Yes, young people consider protecting the environment an urgent matter. But as Steven Pinker carefully detailed in his book, Enlightenment Now, by every measure, including the environment, conditions are far better now than in the past. Conservatives should tell a more uplifting tale about how American innovation has made the planet better, not worse.
This would include burying the utter nonsense that somehow a future energy grid completely powered by renewables such as wind and solar is realistic. Conservatives have a duty forcefully to dispute that proposal on scientific, economic and environmental grounds: Even leading climate scientists have rejected claims about the feasibility of a 100 percent renewable future.

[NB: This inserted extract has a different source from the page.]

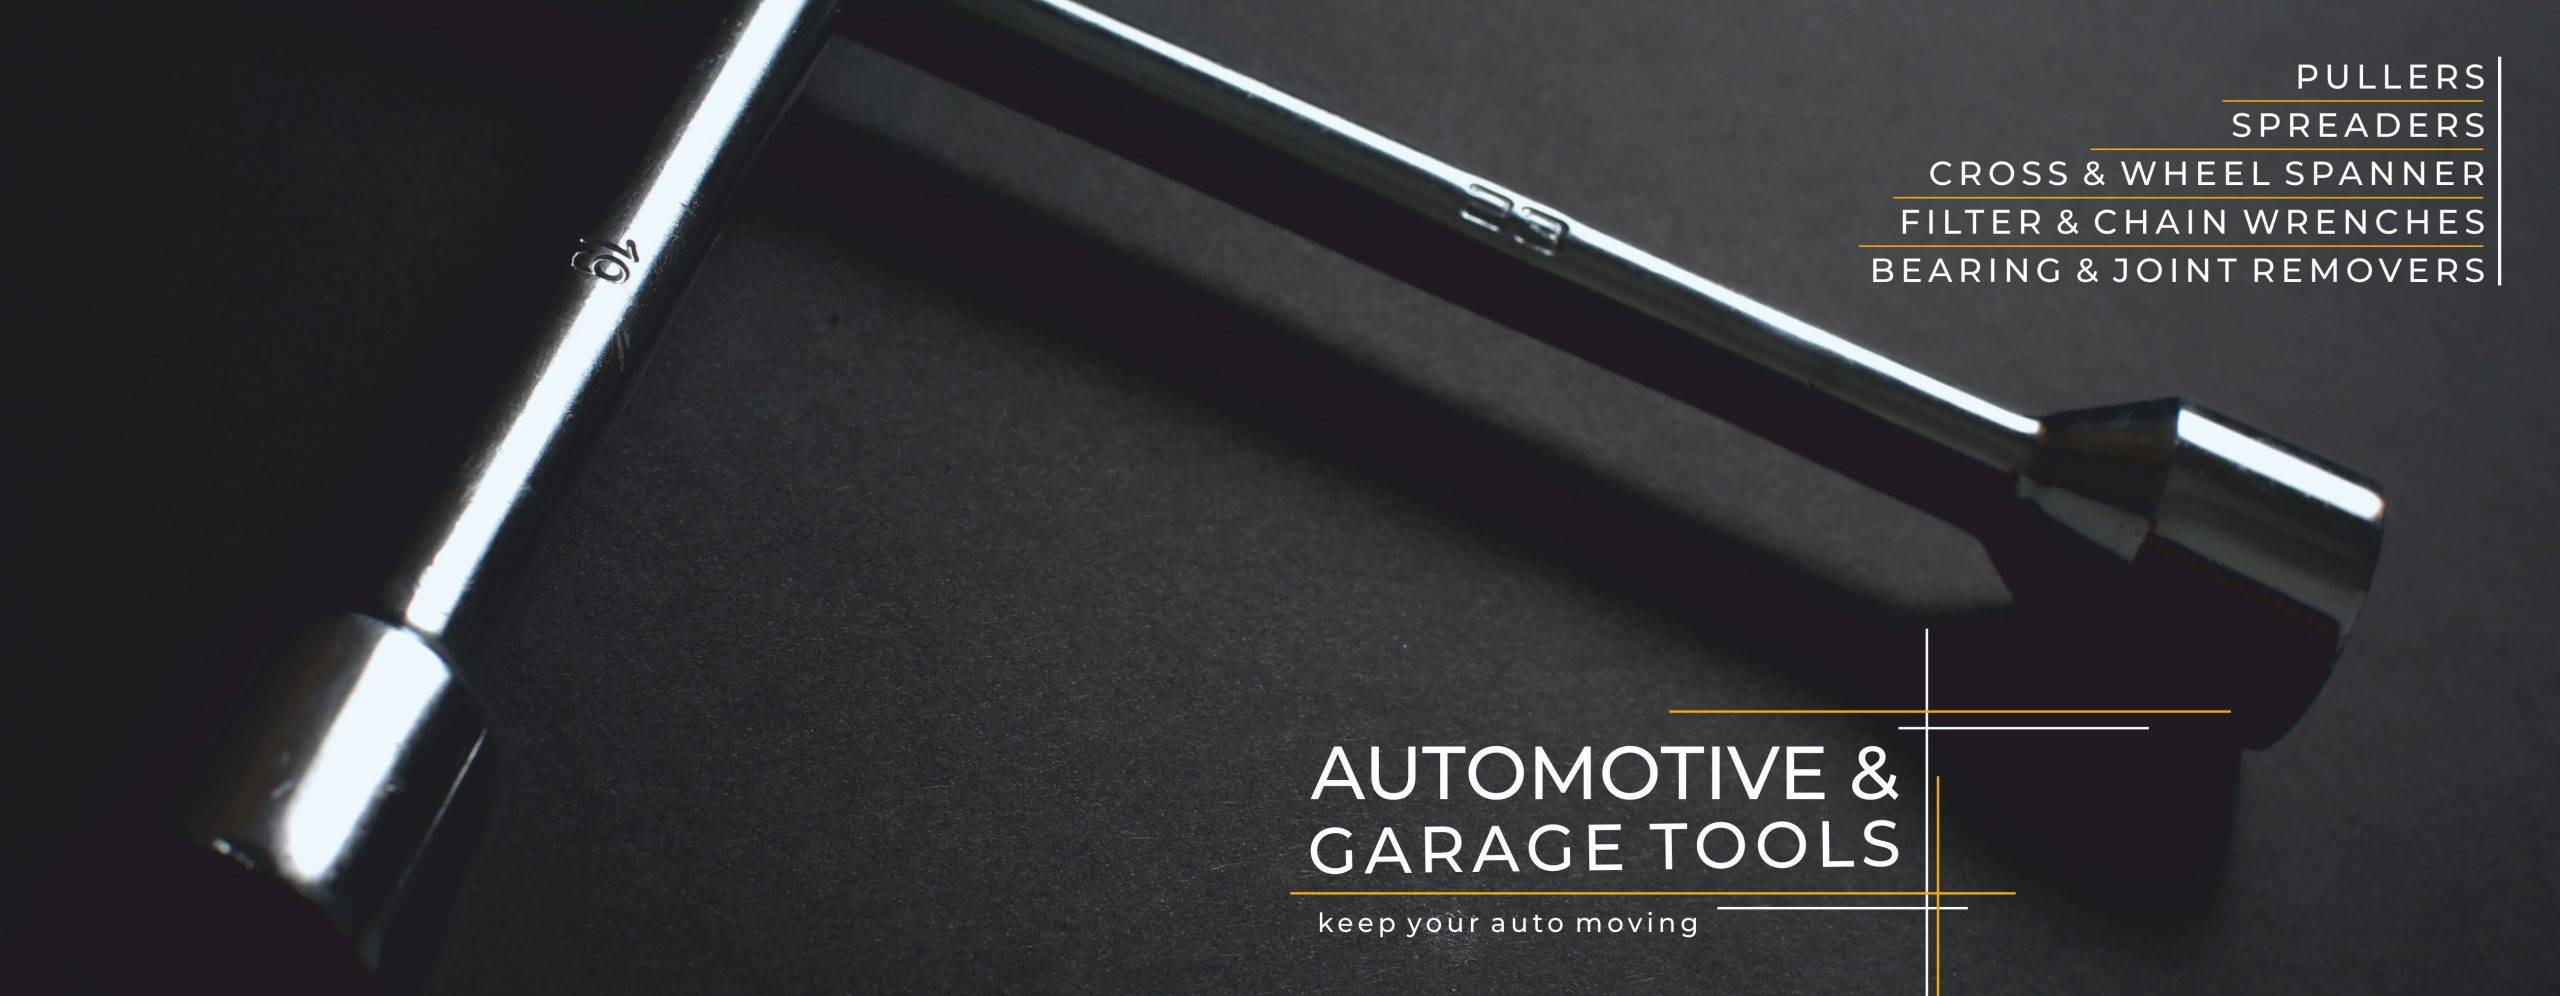 Automotive & Garage Tools Banner Image - JCBL
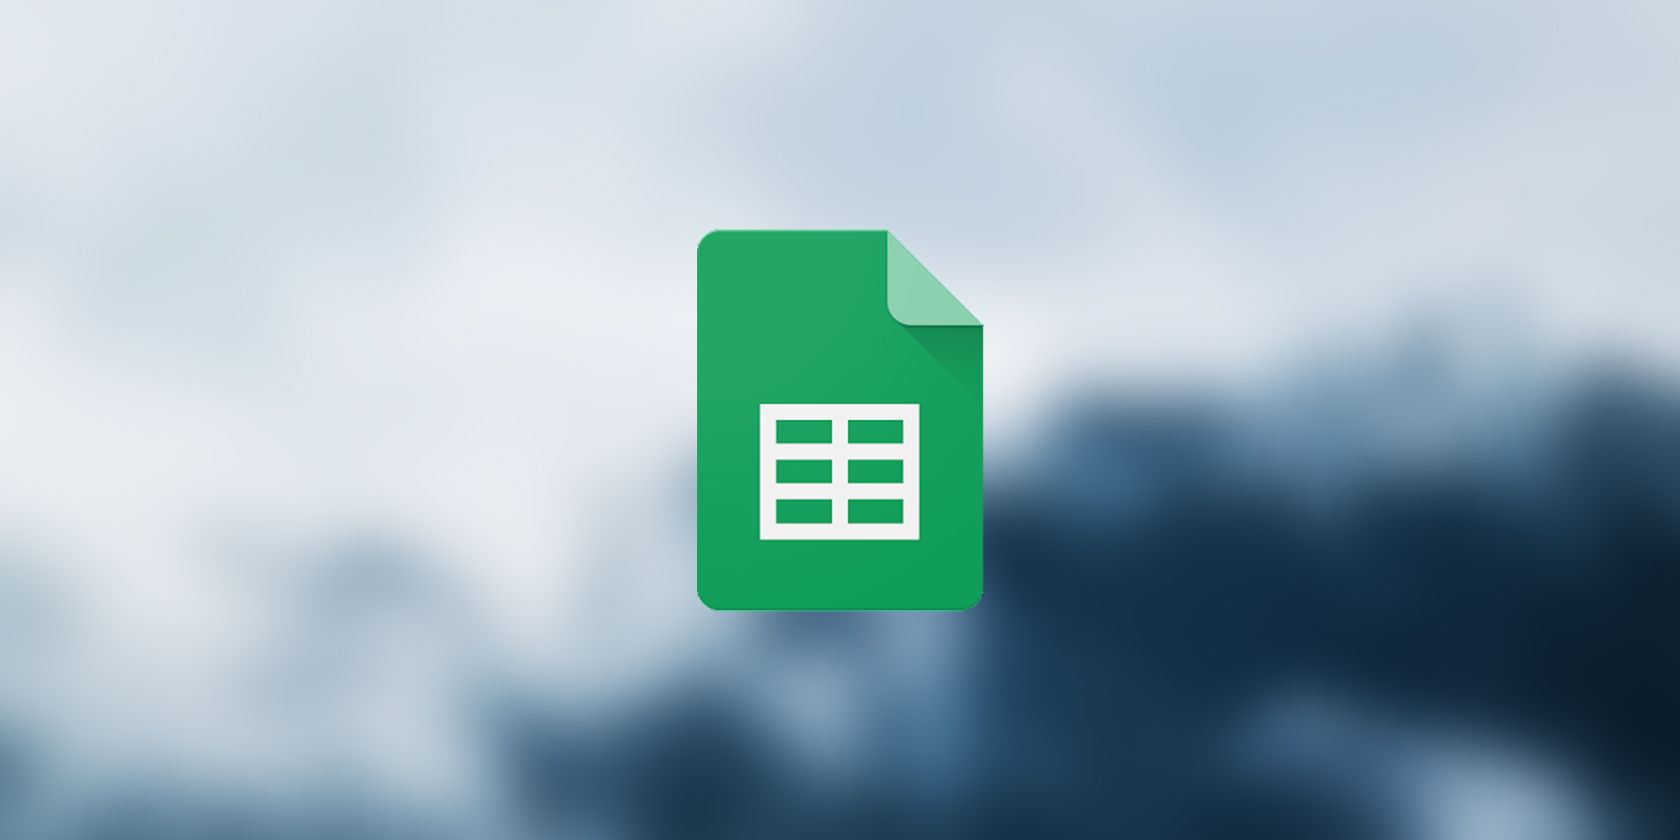 Google Sheets logo on a misty blurred background.

It all comes down to one key question: Which approach will be more politically advantageous for Republicans next year—continuing to hammer the blatant lies told by climate propagandists in an attempt to reverse some of the climate brainwashing or proposing an environmental agenda of our own?
Buskirk argues that conservatives can do both; he is more optimistic than I am on that score. Given the limited bandwidth and political courage of most Republican lawmakers (think Mitt Romney), I doubt they are capable of razing the climate change movement and advocating clean oceans at the same time. In fact, I think nearly all would hide behind the latter to avoid the former.
I concede, however, that this is a debate worth having. Buskirk appeared on Tucker Carlson’s Fox News program Tuesday night and Carlson enthusiastically agreed with Buskirk, as I assume plenty of people on the Right do as well.
But Americans finally are getting a close look at what a future controlled by climate freaks would really look like—and they are justifiably alarmed. In my view, conservatives should focus only on drawing attention to the Left’s plans while telling the truth about the safety, health, and clean future of the planet. We might not get this chance again.